Phyllis Schlafly was a champion of homophobia and anti-feminism, but death isn't revenge for the living

By Mary Elizabeth Williams

Senior Writer

Published September 6, 2016 3:16PM (EDT)

Phyllis Schlafly   (Reuters/Hyungwon Kang)
Phyllis Schlafly (Reuters/Hyungwon Kang)

On Monday evening, I was exactly as sorry to hear of the demise of Phyllis Schlafly as I previously had been about Margaret Thatcher's and Antonin Scalia's. Which is to say, not at all. But I don't exactly feel like going out and celebrating it either.

When a person who spent an entire public life devoted to thwarting the progress of others dies, it may be tempting to assume, as someone noted on Twitter Monday, that hell now has a new demon. And the 92-year-old conservative writer and founder of the Eagle Forum who helped torpedo the Equal Rights Amendment 40 years ago went down swinging, railing against transgender rights in a column posted just last week.

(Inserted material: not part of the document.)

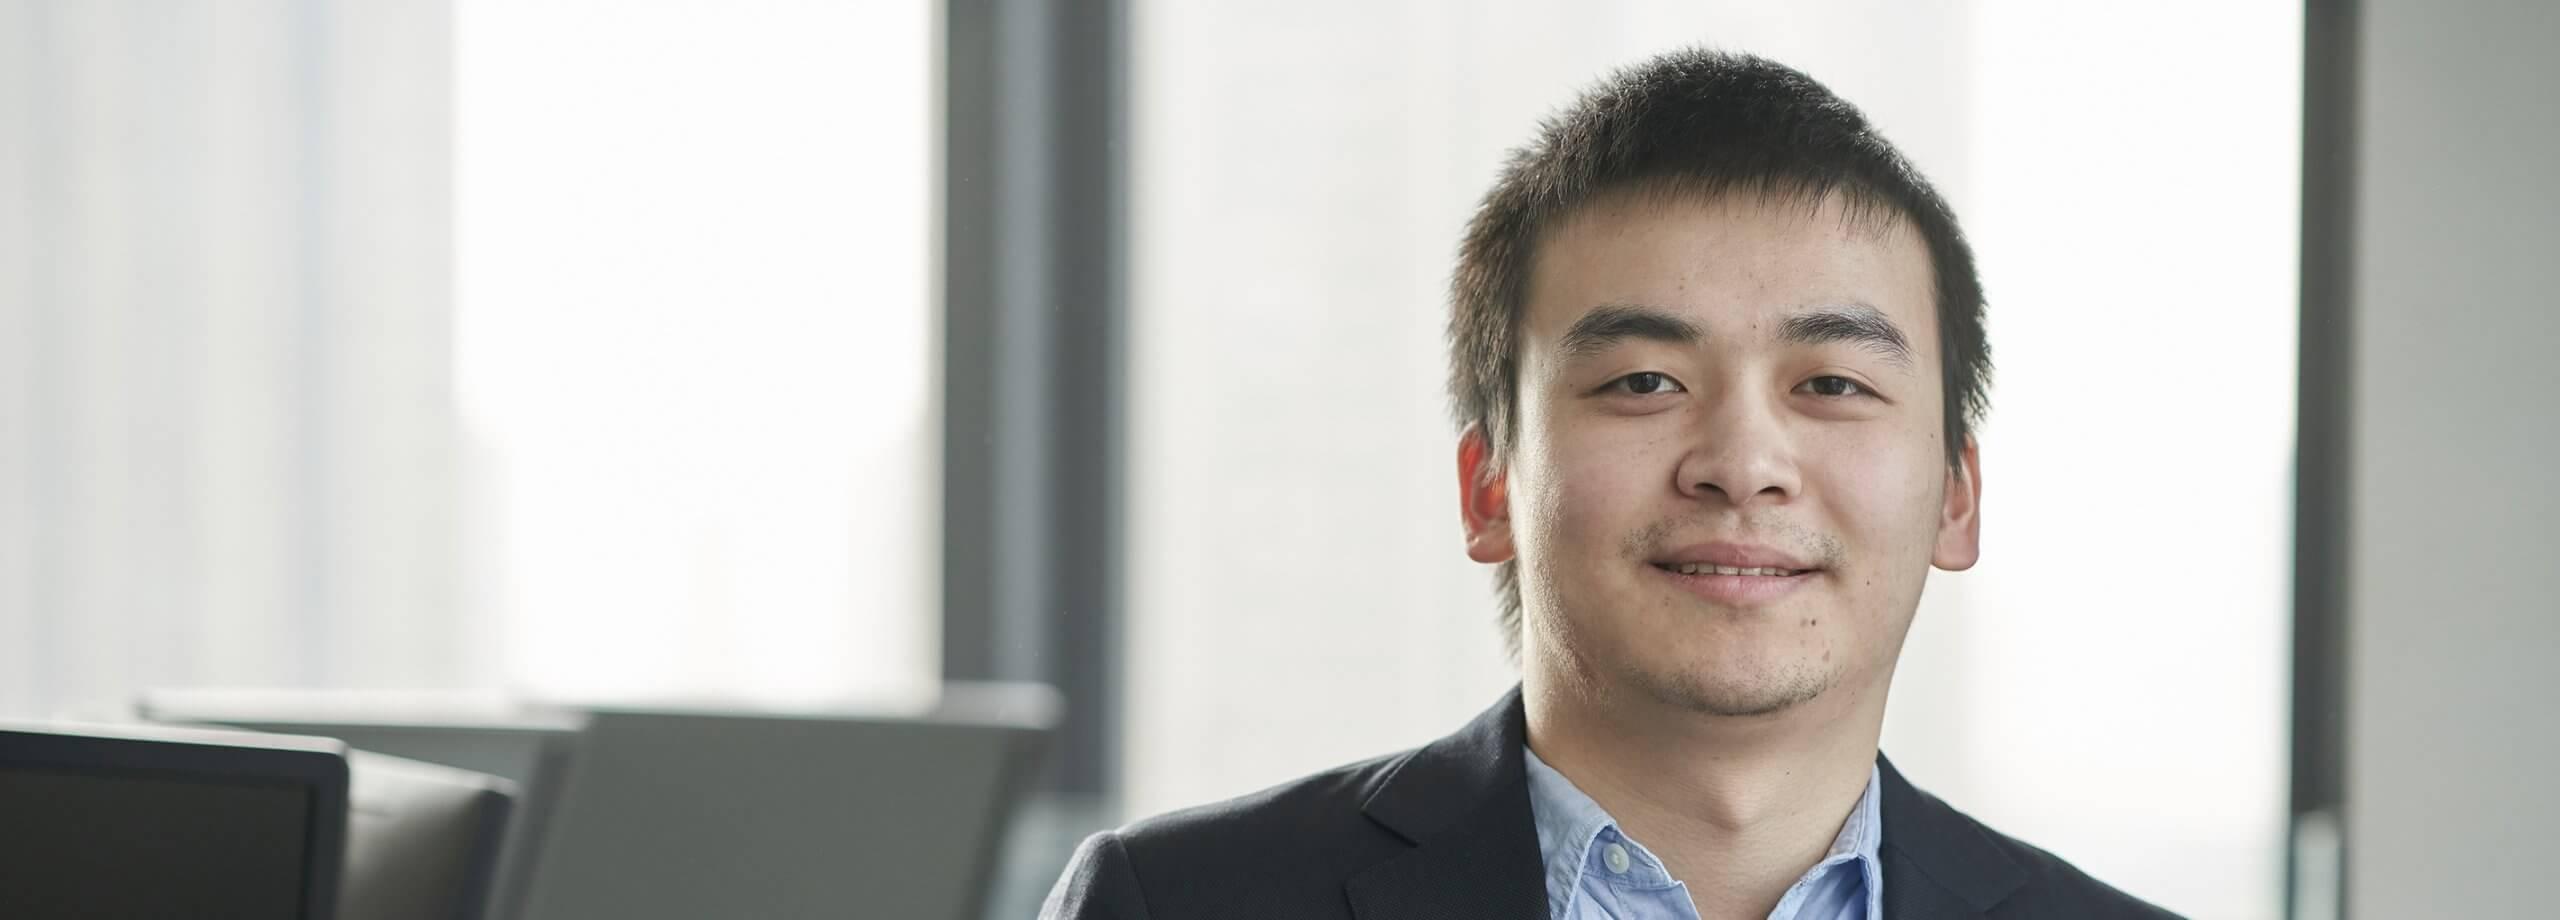 Portrait of Chao Jiang

This was a woman who in the year of our Lord 2015 still insisted that "Women like to marry a man who makes more than she does, so then she can take time off and work fewer hours when she has something she’d rather do like have a kid and look after her children. So the pay gap, really, is something that women like." Not even the 1992 admission by her own son John — who continued to support and work with his mom, by the way — that he was gay slowed down her hate-mongering agenda one iota. Last year she told writer and advocate Michelangelo Signorile that "The gays have their argument about inevitability. I don’t think that’s so." And back in the '90s, she referred to her son's outing as "a deliberate strike at me," saying, "It just shows how hateful those people are." 

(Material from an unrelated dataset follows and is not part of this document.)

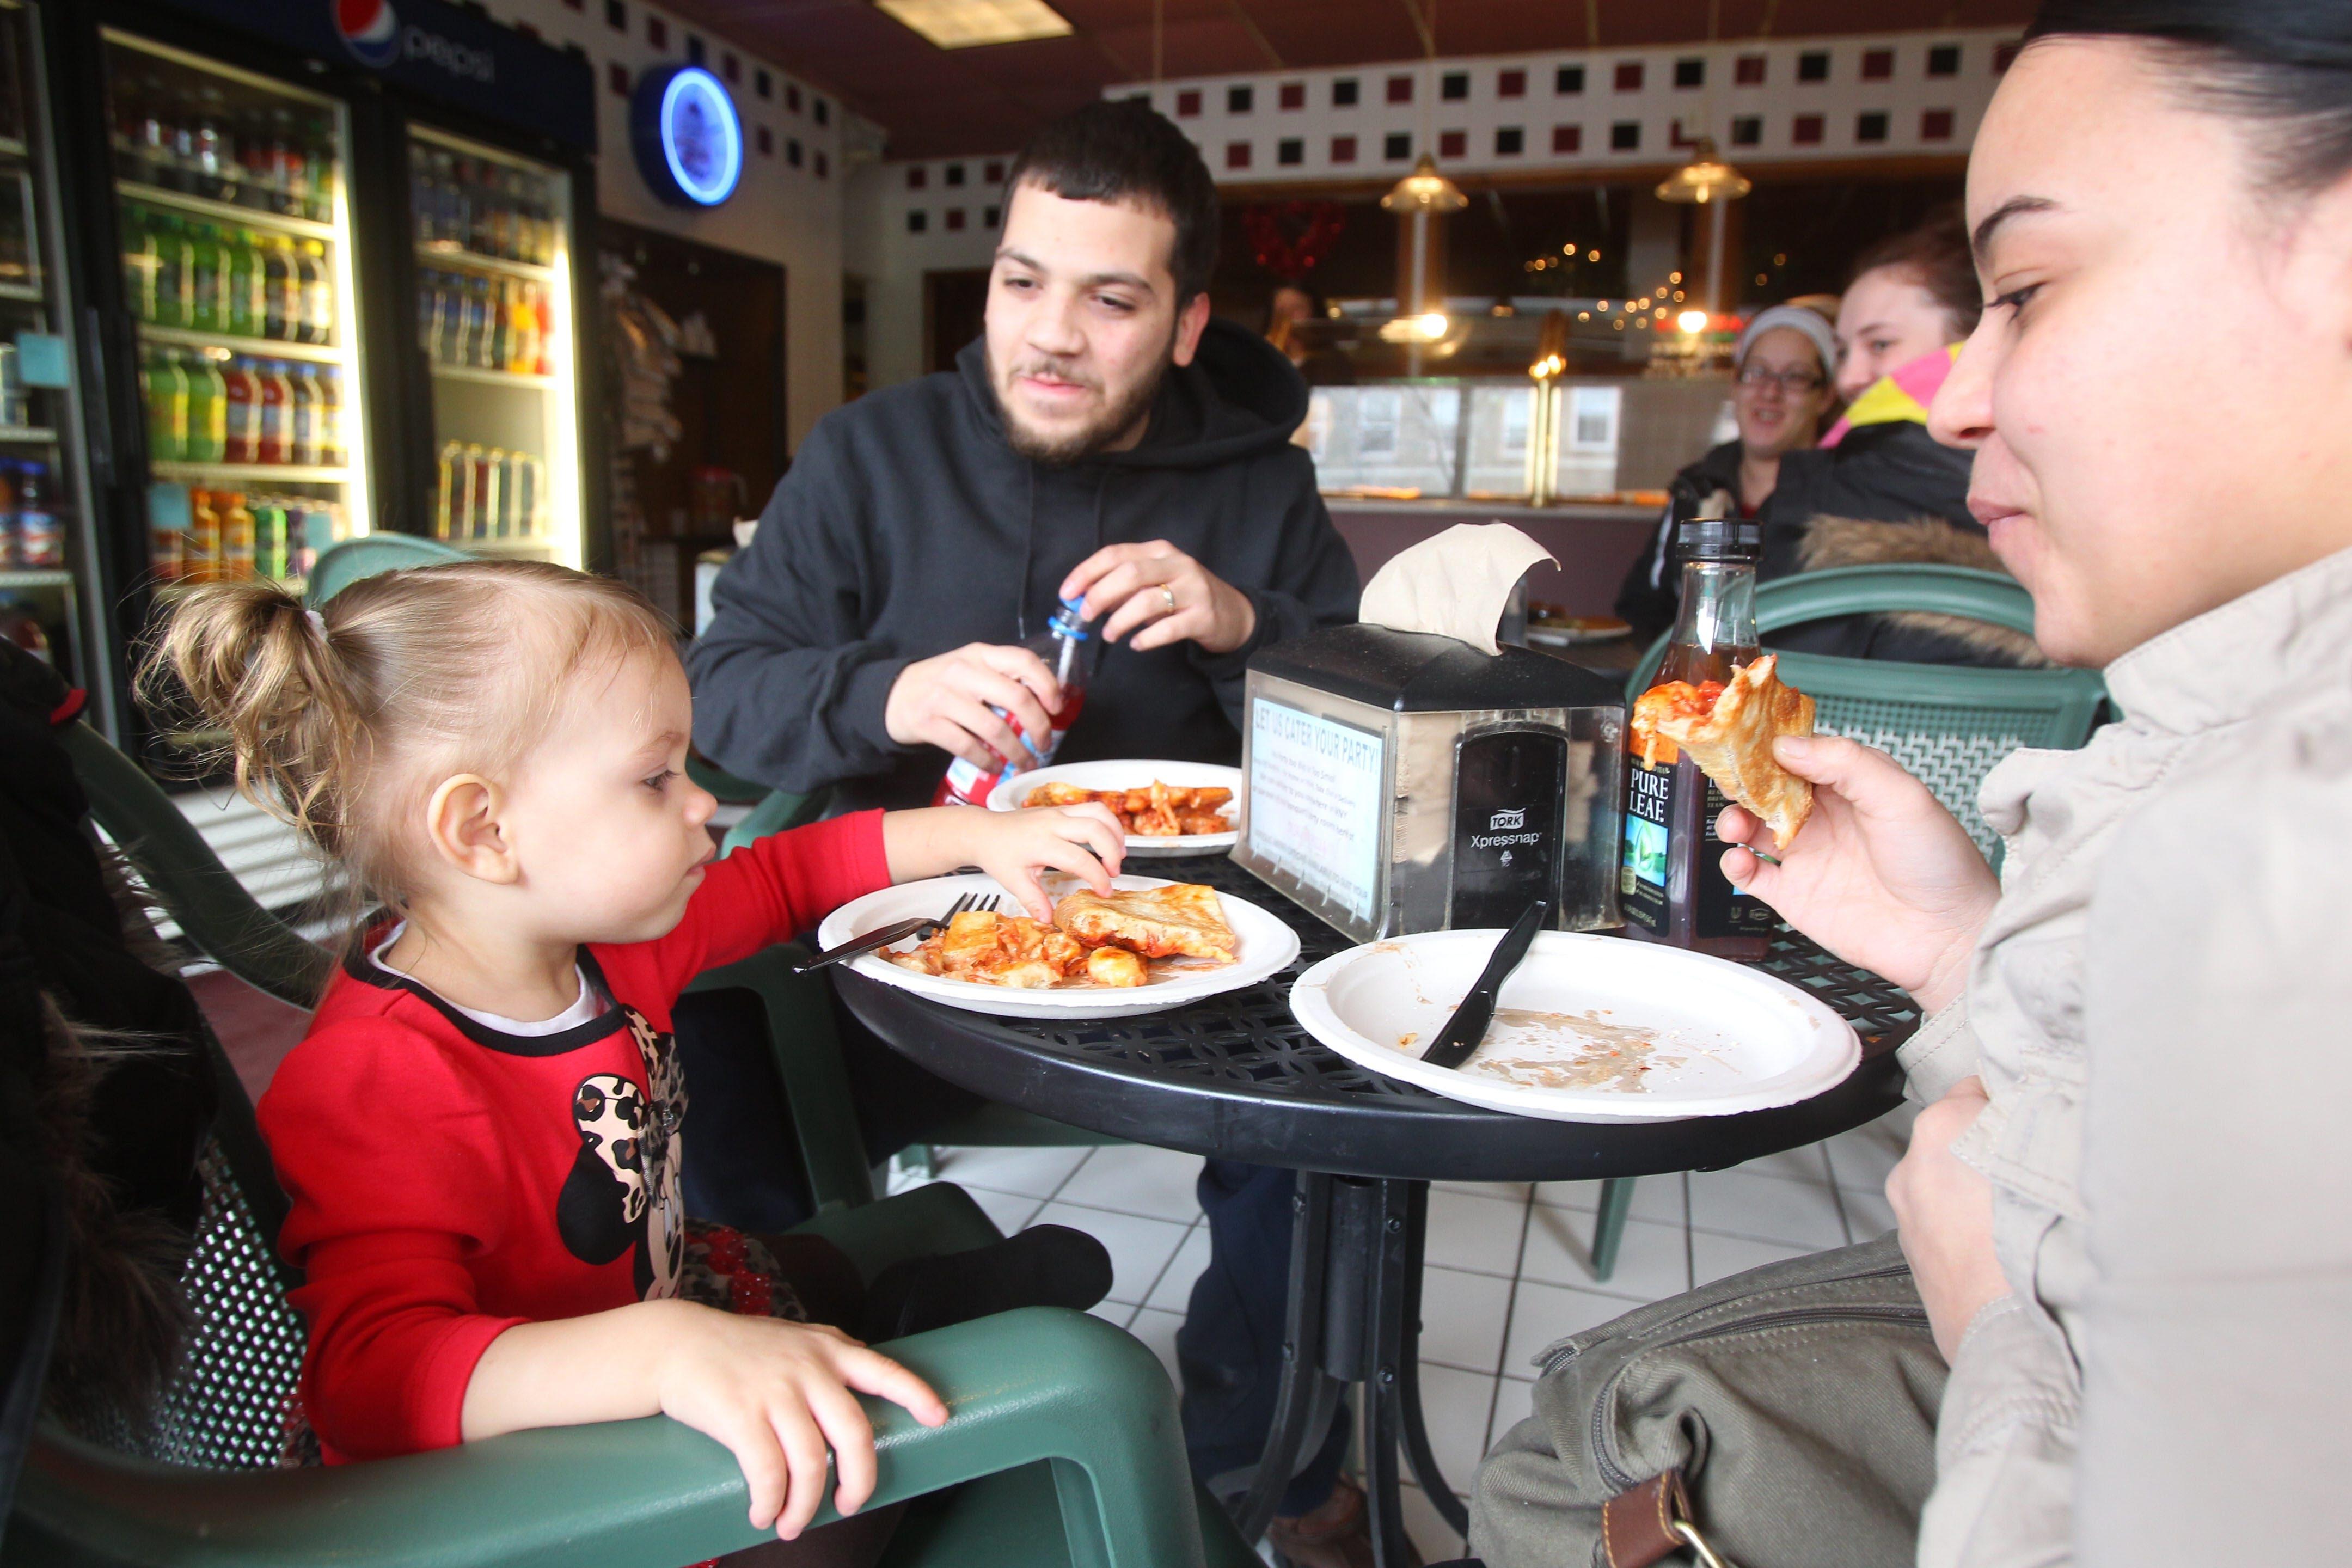 Janalyse Sanchez, left, enjoys a piece of pizza with her parents Venessa and Jorge at Casa-Di-Pizza.

Schlafly was no stranger to the word "hateful." She endorsed Donald Trump largely on the strength of his anti-Muslim rhetoric, complaining that too many European nations have "let these Muslims overrun their country." In 2007, she told women that "By getting married, the woman has consented to sex, and I don't think you can call it rape." Decades earlier, she explained to them that "Sexual harassment on the job is not a problem for the virtuous woman except in the rarest of cases." She was, for the better part of a century, a person who put her time and energy into fighting reproductive rights, LGBT rights, and basic sex education, calling it "like in-home sales parties for abortions." She was a world-class troll who enjoyed saying explosive things with little to no regard for anyone her comments would offend. In her obituary, the New York Times understatedly referred to her as "polarizing." These are the facts of her life. These are the choices she made. This is the legacy she worked very hard to leave behind.

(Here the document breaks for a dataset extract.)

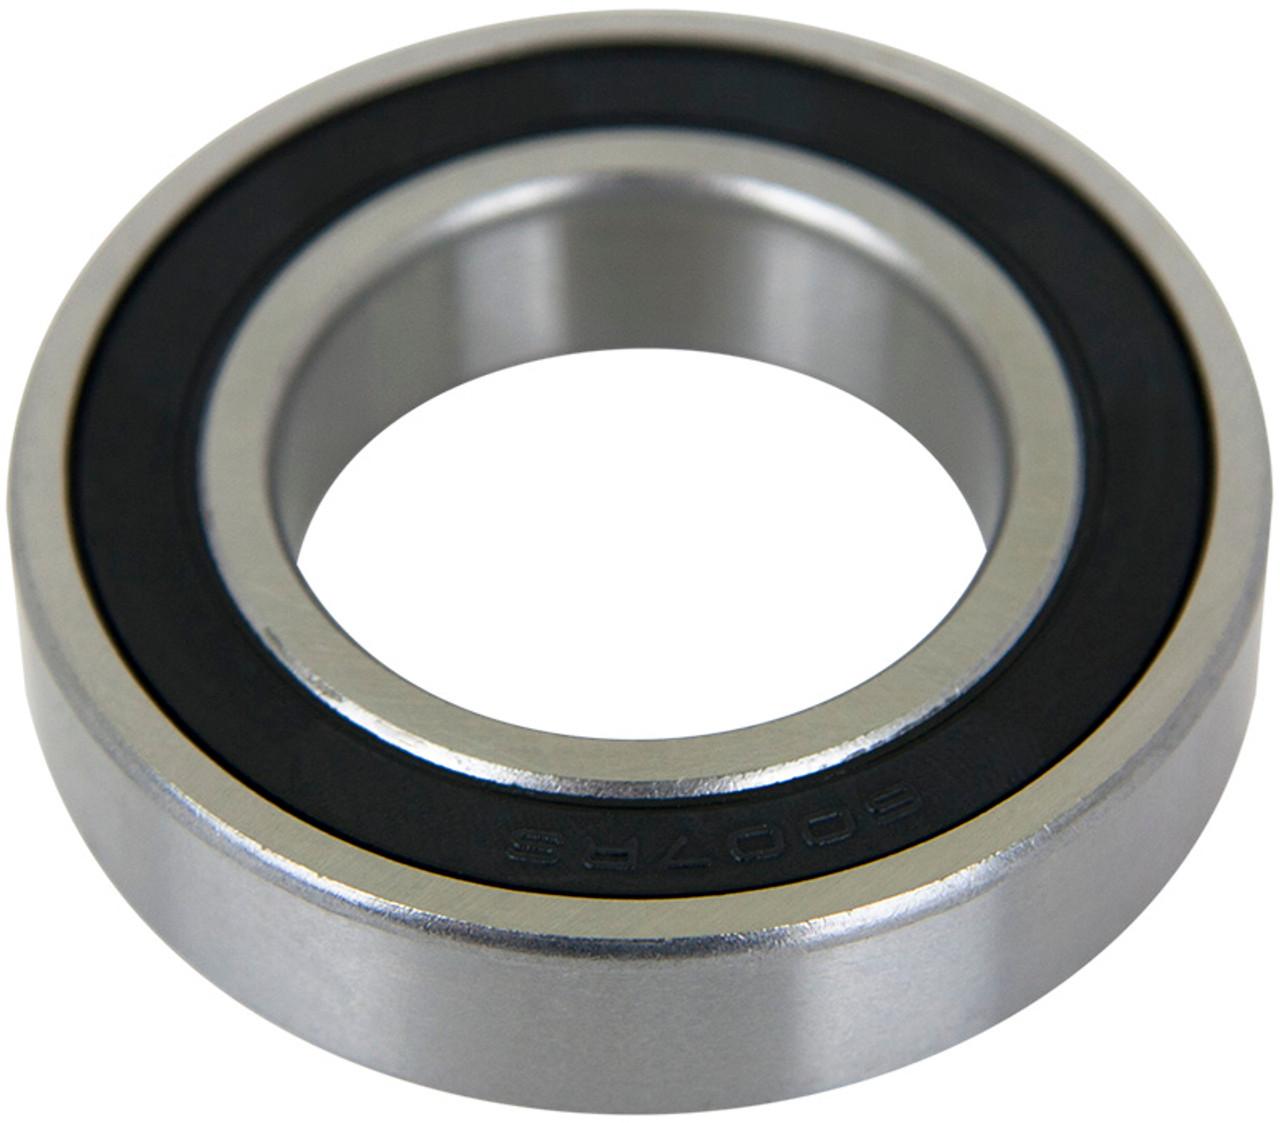 MarineKinetix MK450 or MK4+ yaw axis bearing

Also left behind, however, are six children, 16 grandchildren and three great-grandchildren. Schlafly had a family that knew her as something other than that mean lady from the news. They have a right to grieve her as a mother and a human being. And death, by the way, is not karmic retribution, not for anyone. We all meet the same fate eventually. That's why it was unbecoming five years ago when so-called Christians crowed about Christopher Hitchens dying of cancer, and it's just as futile now when people who allegedly champion love and tolerance express glee at a very old lady finally, as one writer put it on social media, "shutting up."

Death does not forgive a person's grotesque behavior in life. Margaret Thatcher was not a feminist icon and Schlafly was not, as Republican National Committee Chairman Reince Priebus called her Monday, "a courageous pioneer." It's not "courageous" to declare that transgender rights will "turn our boys into peeping Toms." She was a coward and a bully and history will remember her as such. But treating an inevitable consequence of living as a cause for celebration, laughing off another human being's demise — these things don't make a person morally superior. And as for me, I'd rather enjoy knowing that in her lifetime, Schlafly got to see marriage equality and a woman become the leading candidate for president of the United States than I could ever care about her death.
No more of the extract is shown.